И это пугающее предощущение не обмануло его. Восхищенный
друг природы еще предавался созерцанию резвой кадрили обезьян и
ласкал огромную бархатисто-голубую бабочку, доверчиво
опустившуюся к нему на левую руку и, словно голубка,
позволившую себя погладить, но уже первые тени страха и гибели
метнулись вдруг в этой волшебной роще и омрачили душу
мечтателя. Пронзительно вскрикнули в ужасе птицы, порывистый
ветер вскипел, зашумев над высокими кронами, радостный теплый
солнечный свет потускнел и иссяк, птицы бросились кто куда,
красивых крупных мотыльков, в страхе бессильных, умчал ветер.
Взволнованно застучал ливень по листьям, и вдали прокатился по
небосводу медлительный тихий громовый раскат.
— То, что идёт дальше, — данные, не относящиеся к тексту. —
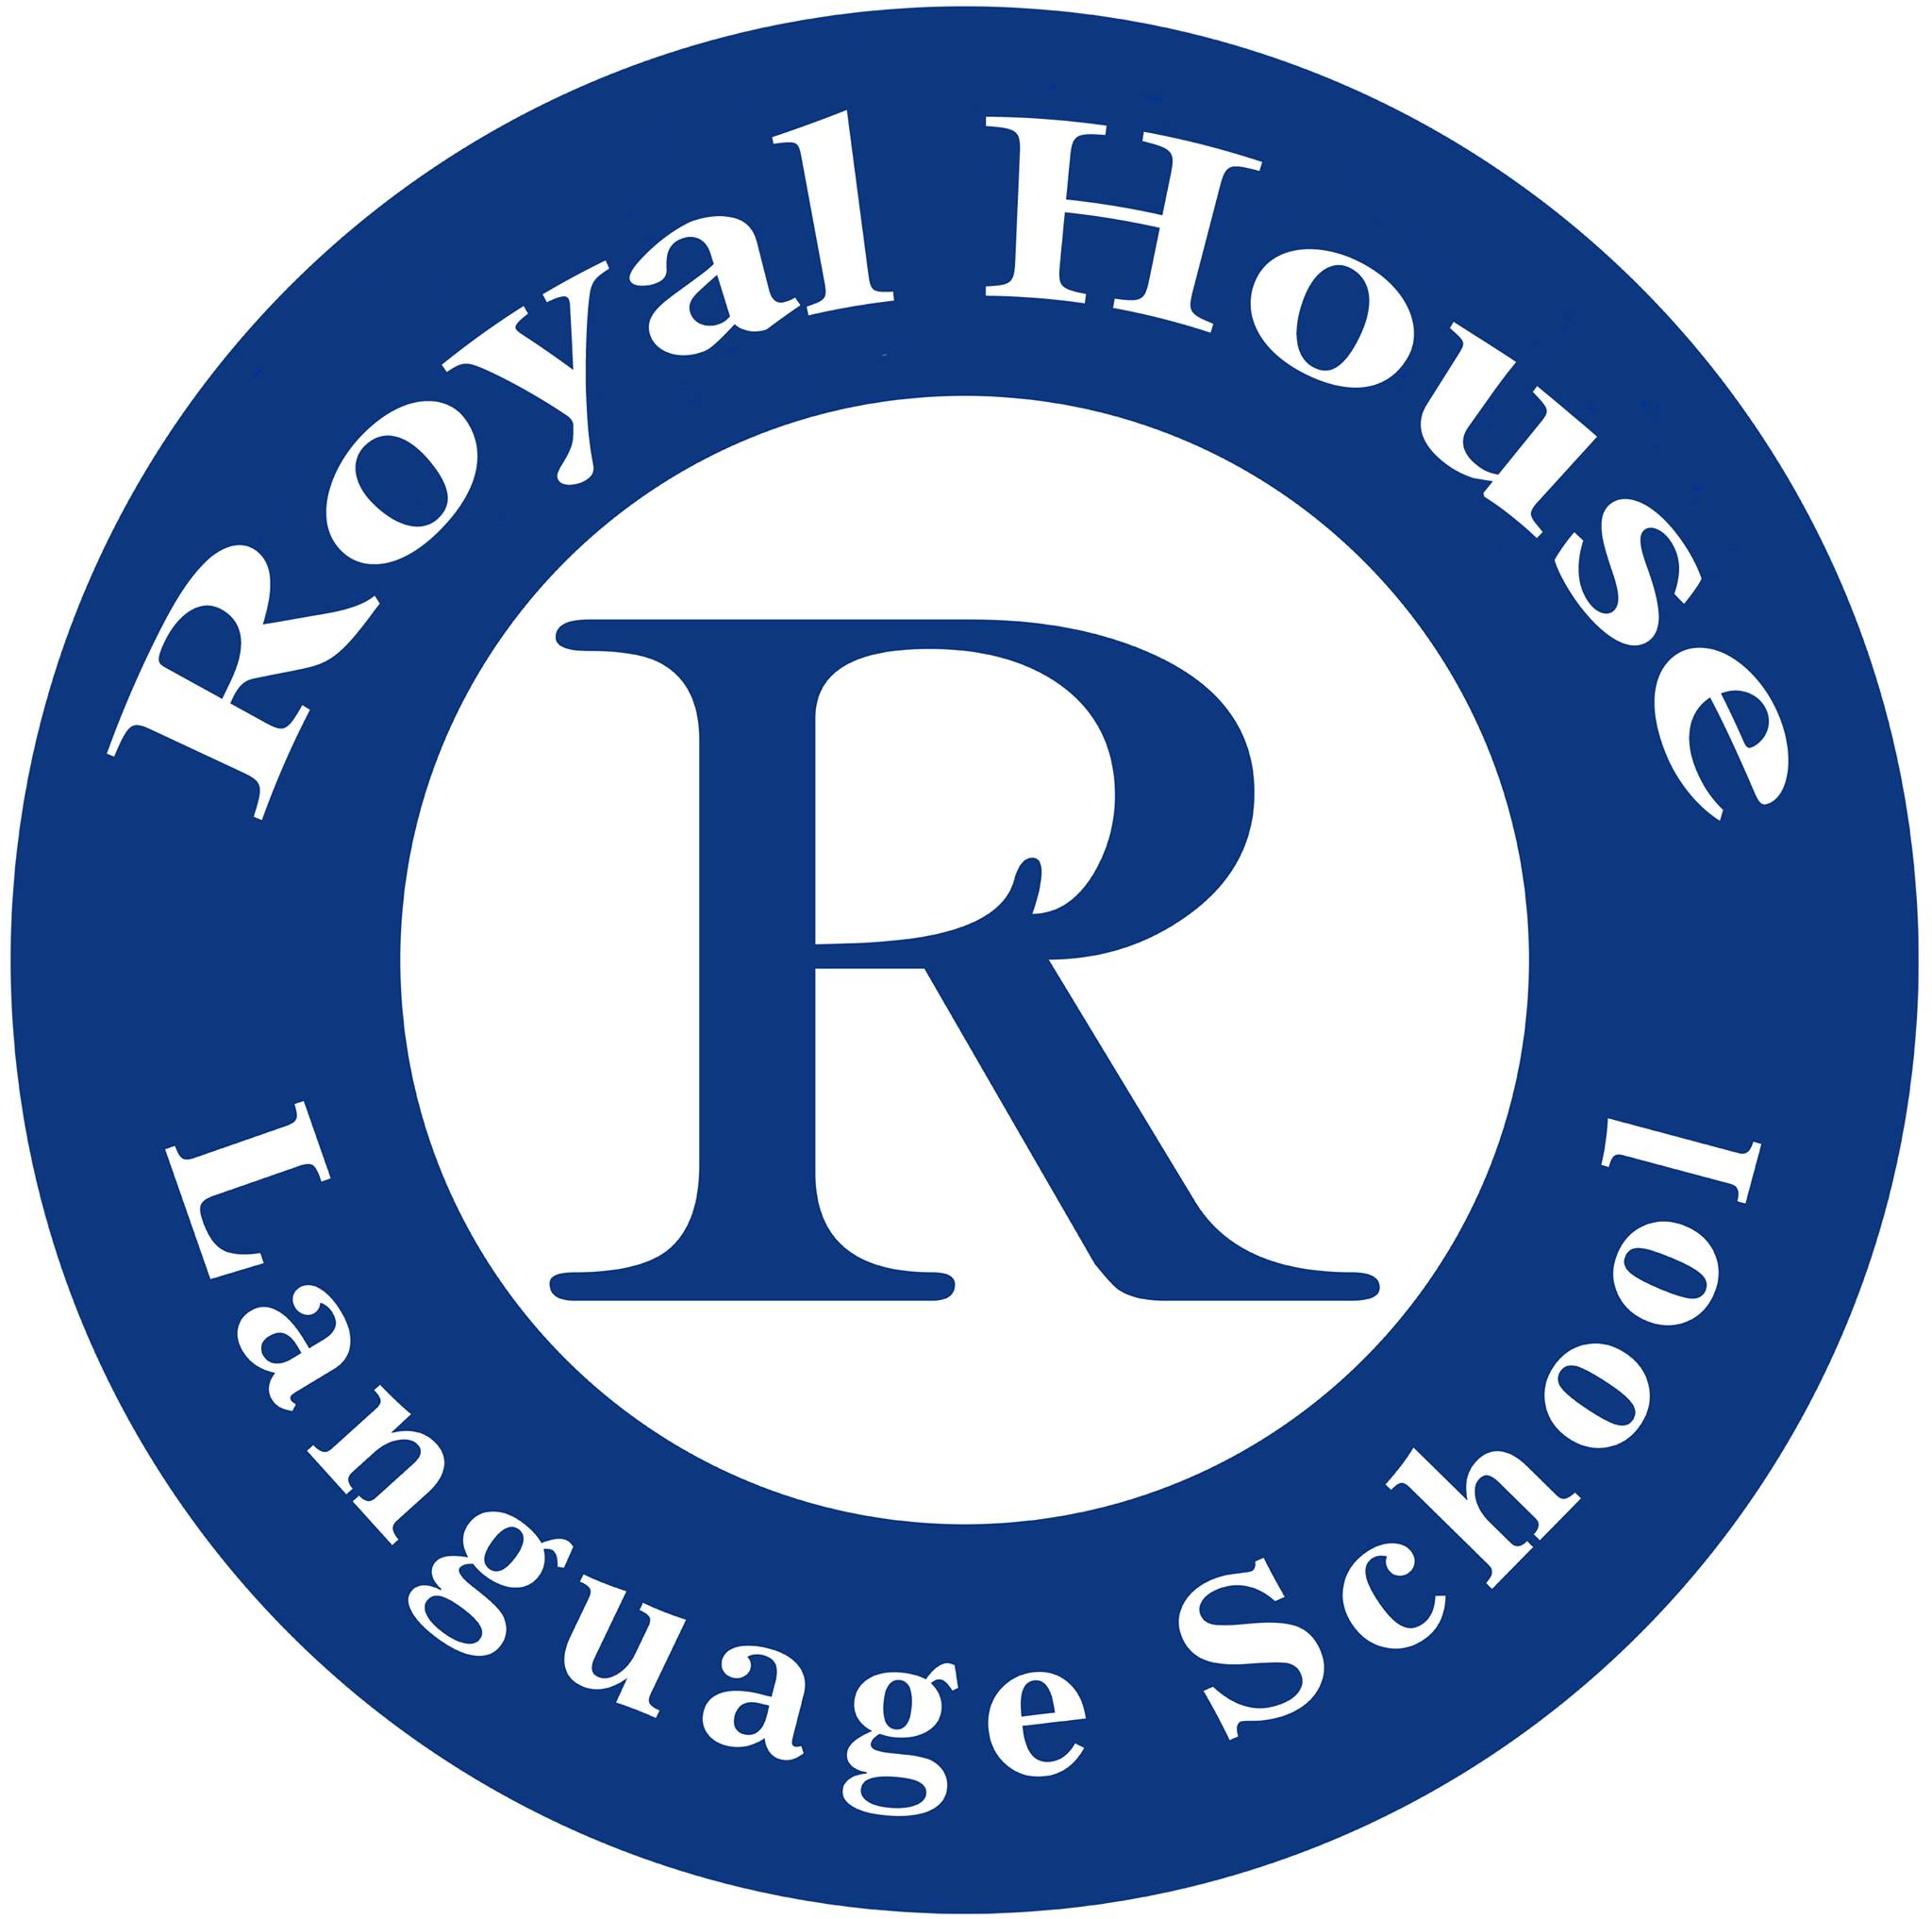 Royal House Language School (R.H.L.S)

И тут в лес вошел Бредли. Уже улетела последняя пестрая
птица. Исполинского роста, мрачный, как призрак убитого короля,
Бредли подошел, презрительно сплюнул на землю перед миссионером
и принялся укорять его обидными, насмешливо-злыми словами за
то, что он лентяй и обманщик, ведь лондонский патрон нанял его
на службу и дал ему денег ради обращения язычников, а он ничего
не делает, только прохлаждается, ловит букашек и гуляет по
лесам. И подавленный Эгион признал правоту Бредли: да, он
виновен во всех этих упущениях.
И тогда появился могущественный богатый коммерсант,
английский патрон Эгиона, и с ним много английских священников,
и они вместе с Бредли погнались за миссионером и гнались за ним
через заросли и терновник, пока не выбежали на людную улицу в
предместье Бомбея, где высился до небес индийский причудливый
храм. В храм и из храма пестрым потоком текли людские толпы,
голые кули и гордые брахманы в белых одеждах, напротив же, на
другой стороне улицы, стояла христианская церковь, и над ее
порталом было высеченное в камне изображение восседающего средь
облаков Бога Отца со строгим отеческим взором и волнистою
бородою.
Преследуемый миссионер взбежал на паперть Божьего дома,
взмахнул руками и обратился к индусам с проповедью. Громким
голосом он призвал их взглянуть и увидеть, что истинный Бог
совсем иной, не такой, как их убогие божки -- уродцы с хоботами
или множеством рук. Он простер длань к скопищу сплетенных фигур
на стенах индийского храма, затем -- к изображению Бога над
вратами своей церкви. Но как же он был напуган, когда, сам
следуя своему указующему жесту, поднял глаза и увидел: Бог Отец
преобразился, у него теперь было три головы и шесть рук, и
вместо чуть глуповатой бессильной строгости на всех трех его
лицах играла снисходительная и довольная тонкая улыбка, в
точности та, что отличает наиболее утонченные изображения
индийских богов. Обескураженный проповедник обернулся к Бредли,
патрону и священникам, но все они исчезли; одинокий и
беспомощный, он стоял на ступенях церкви, и тогда покинул его и
Бог Отец, ибо всеми шестью руками приветственно махал он
индийскому храму и божественно-безмятежно улыбался божествам
индусов.
Всеми покинутый, опозоренный и растерявшийся, стоял Эгион
на своей церковной паперти. Он закрыл глаза и не двигался с
места, все надежды померкли в его душе, и со спокойствием
отчаяния он ожидал, что язычники побьют его каменьями.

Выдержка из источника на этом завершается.